中国・神舟20号乗組員、第2回船外活動へ準備万端 video poster
中国の有人宇宙船「神舟20号」乗組員が、China Space Station(中国の宇宙ステーション)で2回目の船外活動に臨む準備を進めています。国際ニュースとして注目されるこの動きについて、日本語でポイントを整理します。
神舟20号乗組員、2回目の船外活動へ向け準備
中国有人宇宙局(CMSA)は水曜日、地球を周回する中国の宇宙ステーションに滞在中の神舟20号乗組員が、まもなく2回目の船外活動(EVA)を行う予定だと発表しました。
神舟20号は4月25日に打ち上げられ、その後乗組員は宇宙ステーションにドッキングし、軌道上での生活を続けています。CMSAによると、この水曜日で乗組員の滞在期間は2カ月に達しました。
乗組員は Chen Dong 氏、Chen Zhongrui 氏、Wang Jie 氏の3人です。3人はいずれも、今後の船外活動に向けて訓練と準備を重ねてきました。
1回目の船外活動は5月に実施
CMSAによれば、神舟20号のクルーはすでに5月に最初の船外活動を実施し、所定の任務を完了しています。
その後は、宇宙ステーション内部での環境モニタリング(空気や温度などの状態監視)、各種機器の保守・点検、物資の在庫管理や貨物の移送といった作業を行ってきました。これらは長期滞在ミッションを支える基盤となる仕事です。
宇宙ステーションは安定、乗組員も健康状態は良好
CMSAによると、China Space Station は安定した状態を維持しており、システム全体は正常に運用されています。軌道上のプラットフォームが安定していることは、継続的な科学実験や船外活動を安全に行うための前提条件です。
また、3人の宇宙飛行士はいずれも、身体・精神ともに健康状態が良好であると報告されています。CMSAは、乗組員が次の船外活動に向けて「完全に準備が整っている」と強調しています。
船外活動(EVA)とは何をするのか
今回予告されている2回目の船外活動について、具体的な作業内容は公表されていません。しかし一般的に、宇宙ステーションで行われる船外活動(EVA=宇宙服を着て船外で行う作業)には、次のような役割があります。

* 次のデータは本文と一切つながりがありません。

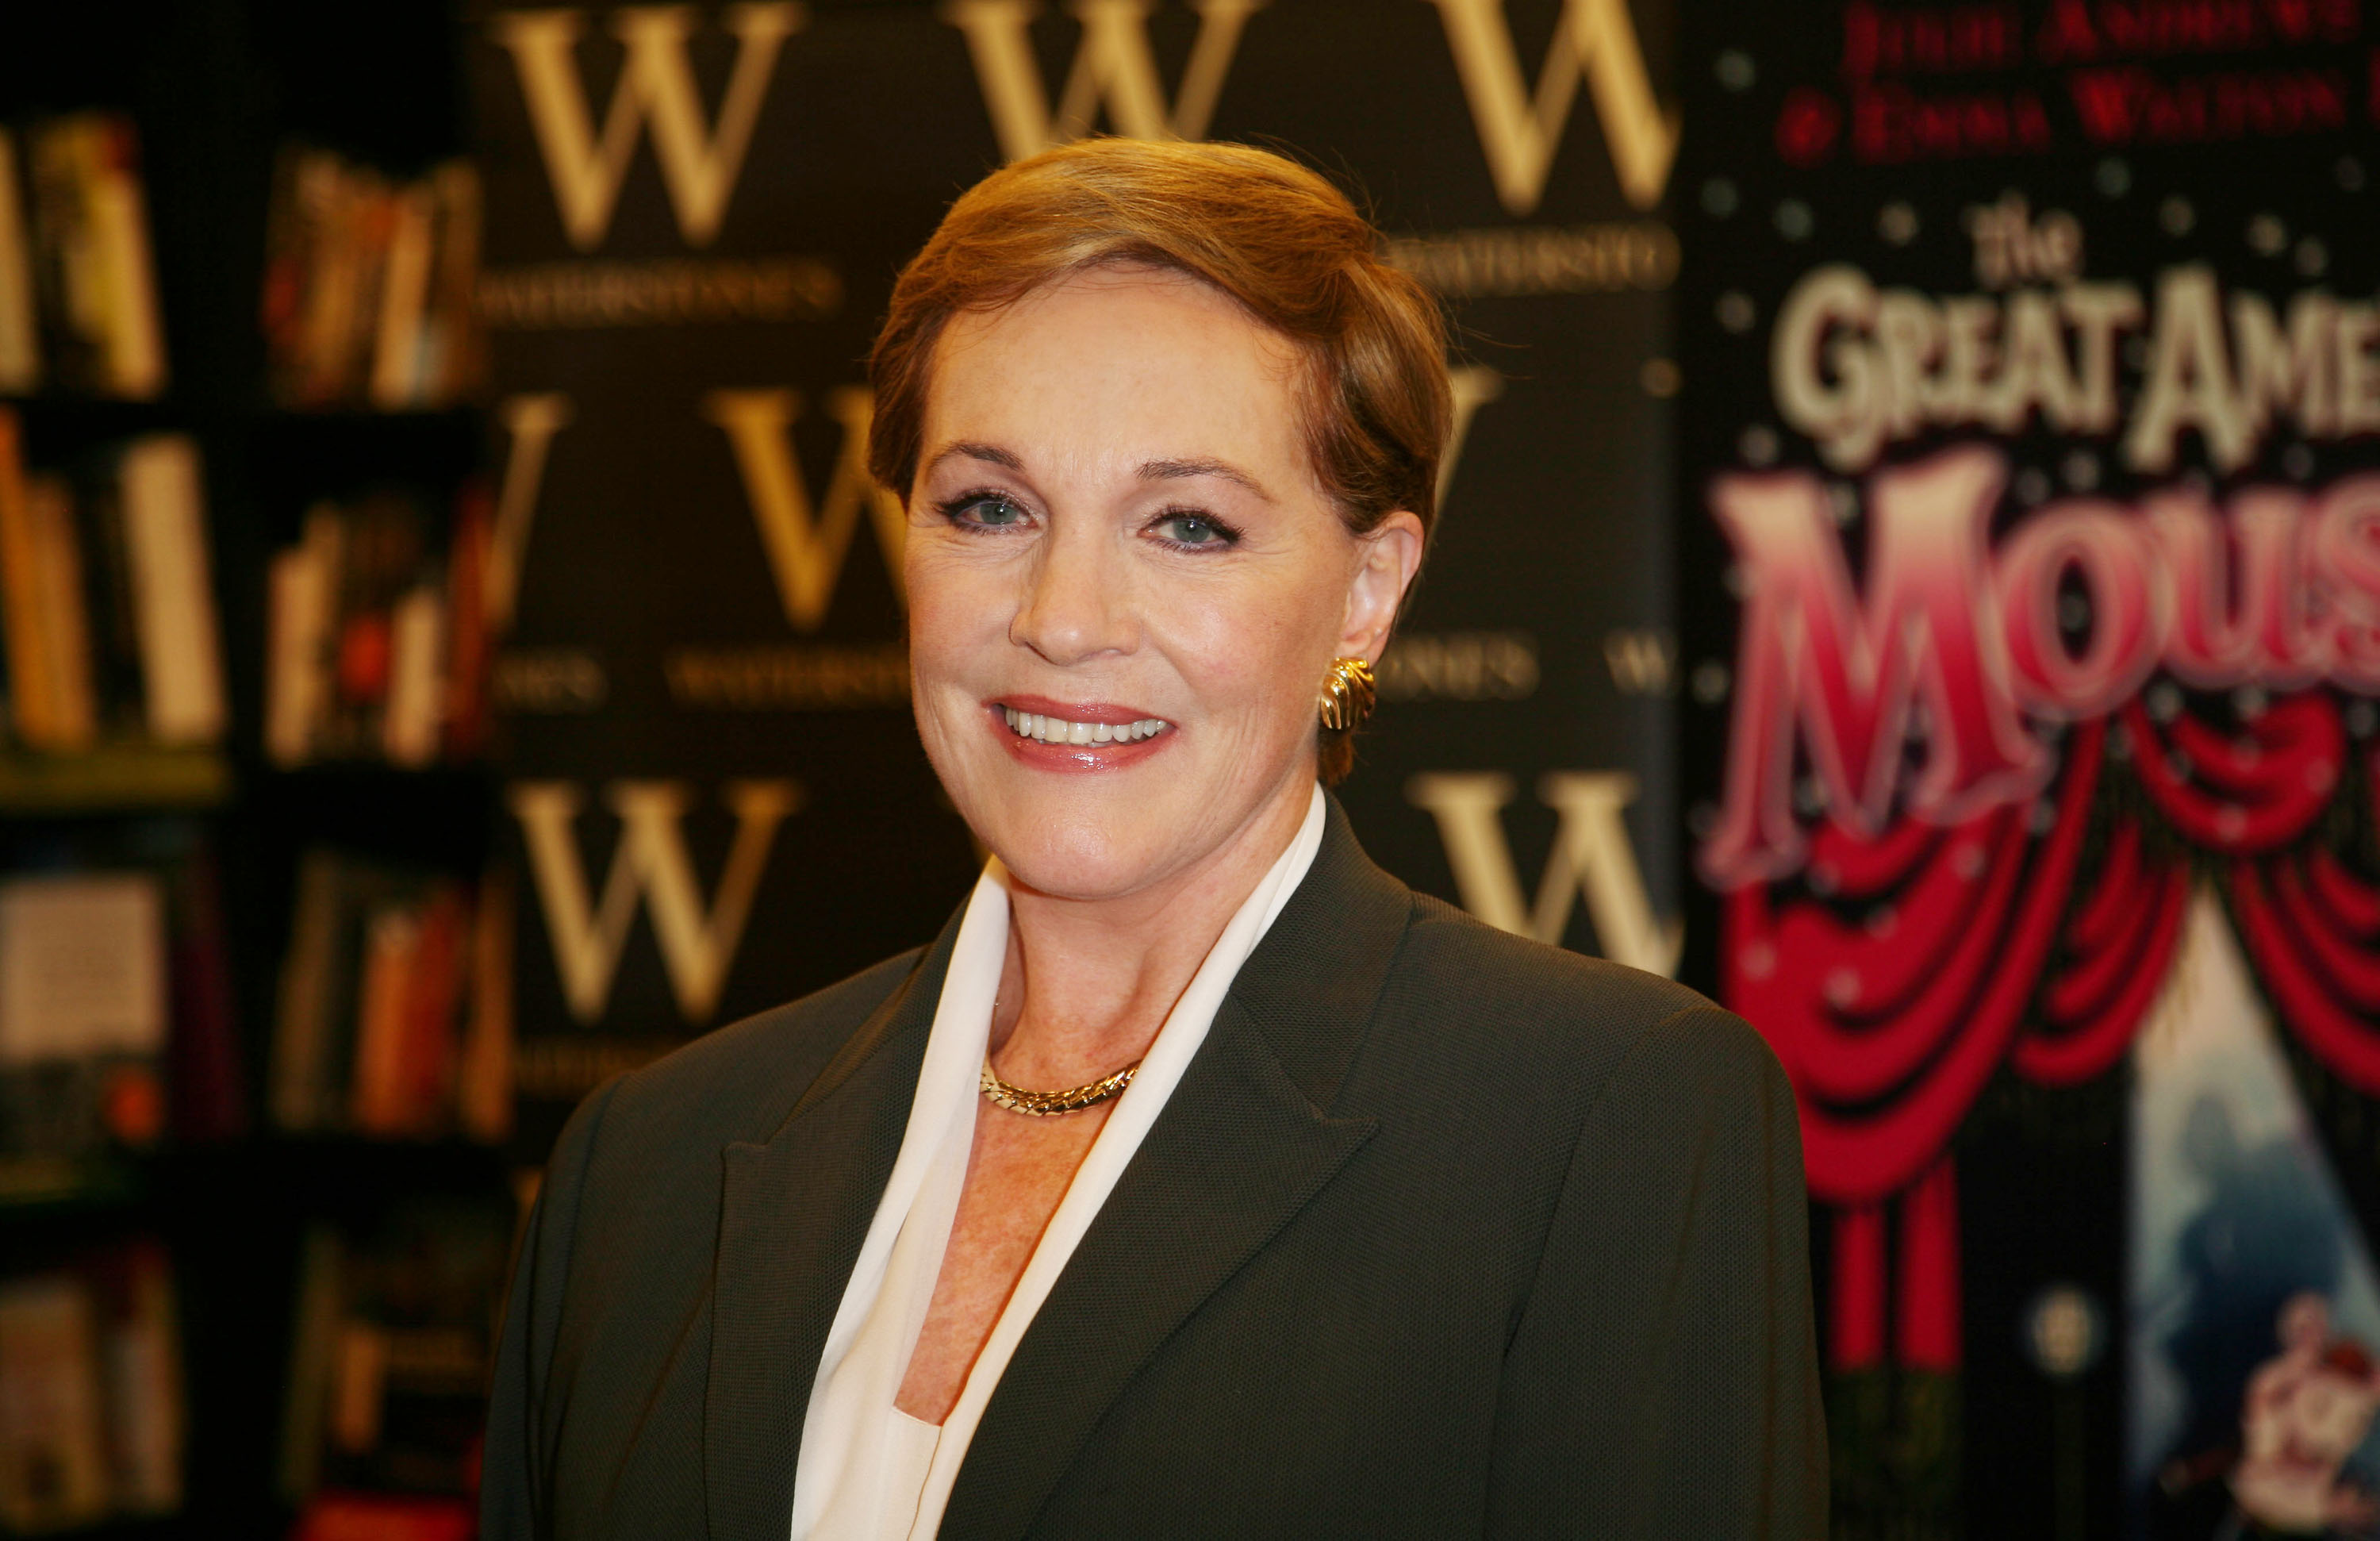 Living Legend Julie Andrews Will Voice A Powerful Sea Creature In ‘Aquaman’
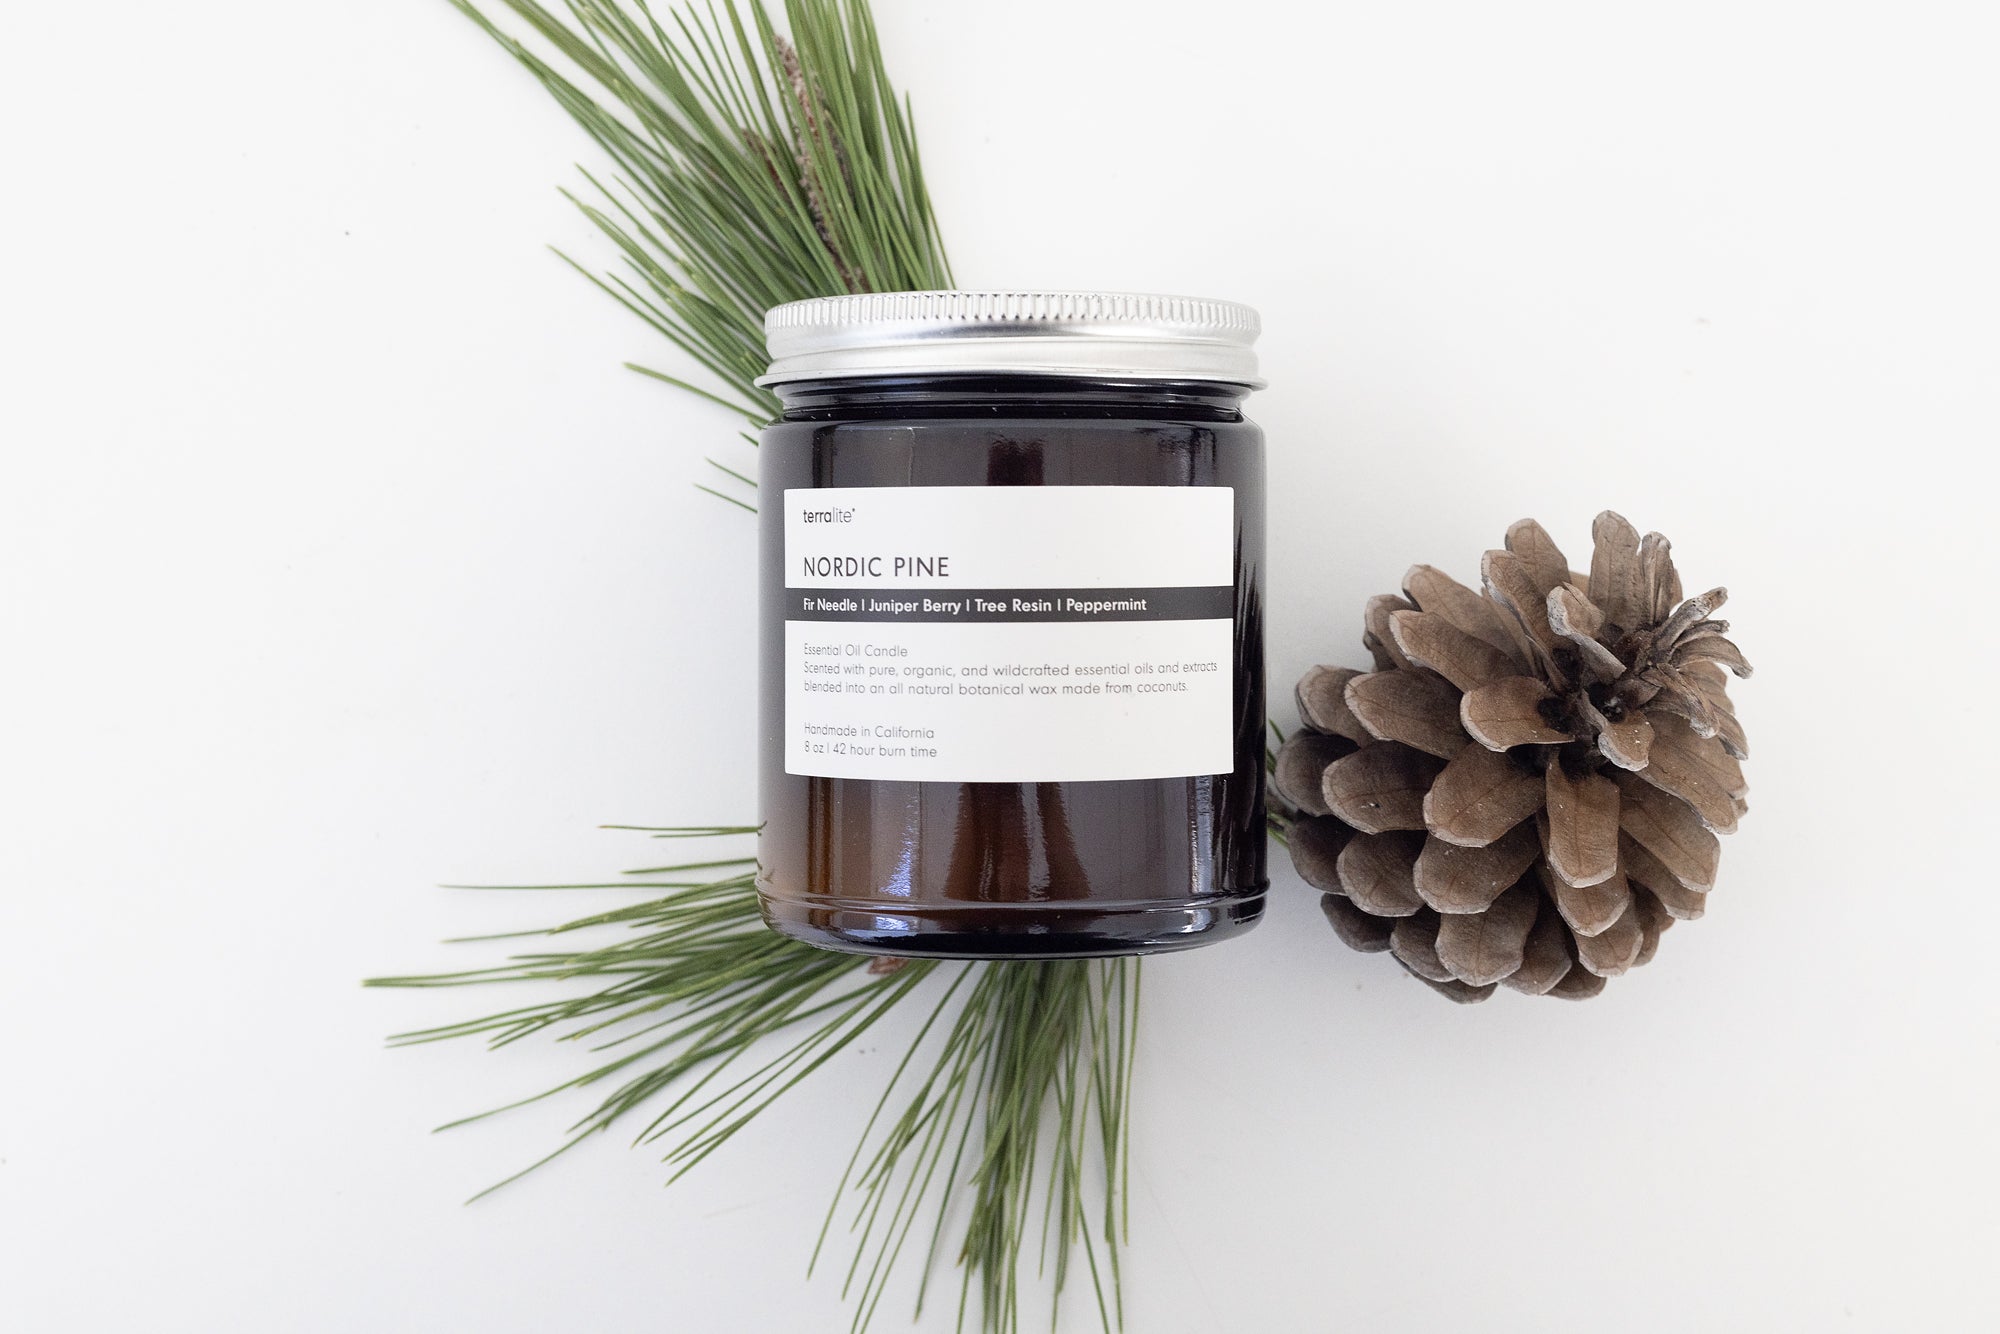 Nordic Pine Essential Oil Candle - 8 oz. made with Fir Needle, Juniper Berry, Tree Resin, and Organic Peppermint.

- 宇宙ステーション外部に取り付けられた機器の設置・交換・点検
- 太陽電池パネルなど大型構造物の保守・調整
- 科学実験装置の取り付けや回収、性能の確認
- 外壁やモジュール表面の状態確認など、安全確保のための検査
船外活動は、宇宙飛行士にとって肉体的・精神的な負担が大きい作業です。一方で、宇宙ステーションを長期的に運用し続けるためには欠かせないプロセスでもあります。神舟20号クルーによる2回目の船外活動は、こうした運用能力をさらに高める機会になるとみられます。
国際ニュースとして見る中国の有人宇宙開発
中国の宇宙開発、とくに有人宇宙飛行の分野は、この数年で存在感を高めてきました。独自の宇宙ステーションを運用し、複数回の船外活動を計画的に行うことは、
- 長期滞在ミッションの運用経験の蓄積
- 宇宙空間での作業能力・安全管理能力の向上
- 将来の大型ミッションへの技術的な橋渡し
といった点で大きな意味を持ちます。
アジアの一員である日本にとっても、中国の宇宙ステーション運用や船外活動の進展は、宇宙をめぐる国際的な動きの一部として押さえておきたいニュースです。どの国・地域が宇宙でどのような役割を果たしていくのかを考えるうえで、重要な材料となります。
これから何を注視すべきか
神舟20号乗組員による2回目の船外活動が、どのような作業内容となり、どのような成果やデータをもたらすのかは、今後の発表を待つ必要があります。
一つひとつのミッションは小さく見えるかもしれませんが、それらの積み重ねが、宇宙での人類の活動領域を広げていきます。日々の国際ニュースの中で、こうした宇宙ミッションも意識して追いかけてみると、世界の動きが少し立体的に見えてくるかもしれません。